Review of "Polymorphic type inference for machine code"

The mean distance to the true type was 0.54 for Retypd, compared to 1.15 for dynamic TIE, 1.53 for REWARDS,
1.58 for static TIE, and 1.70 for SecondWrite. The mean interval size shrunk to 1.2 with Re- typd, compared to 1.7 for SecondWrite and 2.0 for TIE.

ElWazeer et al. [8] also in- troduced a multi-level pointer accuracy rate, which attempts to quantify how many “levels” of pointers were correctly in- ferred. On SecondWrite’s benchmark suite Retypd attained a mean multi-level pointer accuracy of 91%, compared with SecondWrite’s reported 73%. Across all benchmarks, Re- typd averages 88% pointer accuracy.

SecondWrite’s overall conservativeness is 96%, measured on a subset of the SPEC2006 benchmarks; Retypd attained a slightly lower 94% on this subset.

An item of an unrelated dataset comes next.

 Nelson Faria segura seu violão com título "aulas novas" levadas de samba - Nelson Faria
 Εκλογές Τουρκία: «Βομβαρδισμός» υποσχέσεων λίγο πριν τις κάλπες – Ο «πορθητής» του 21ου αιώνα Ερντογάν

Retyped uses subtyping based type inference as opposed to unificatiion based in Second write. And it seems that that is what gives all the better performance numbers
This paper does not seem to do any kind of variable recovery. They quote in page 5, second column , last but one para:

These rules ensure that Retypd can perform “iterative
variable recovery”; lack of iterative variable recovery was cited by the authors of the Phoenix decompiler [27] as a common cause of incorrect decompilation when using TIE [15] for type recovery.

From Second write paper:

Integrating our variable identification system with type recovery makes the type
recovery simpler because it will need only recover scalar types like integers, floats and doubles.
Structures and arrays are detected as part of the variable identification.

from paper

For the other operations in the table, we propagate the types using the function unifyType.
This function attempts to set the data type of all the given symbols andALocs to be the same.
At least one of the symbols or the ALocs given to that function should be typed. Whenever this
function finds conflicting types, it gives up and does not update any types. It is used for copy
operations like type casts and phi nodes. It is also used to propagate types through memory as shown
in the rules for stores and loads. Interprocedural information is propagated by unifying the formal and
actual arguments types at a call instruction. The return value data type at the call site is unified
with all the data types of all return values appearing in the return statements inside the called function body.

16th May 2016

Handling "Arguments passed to callee using parent stack frame"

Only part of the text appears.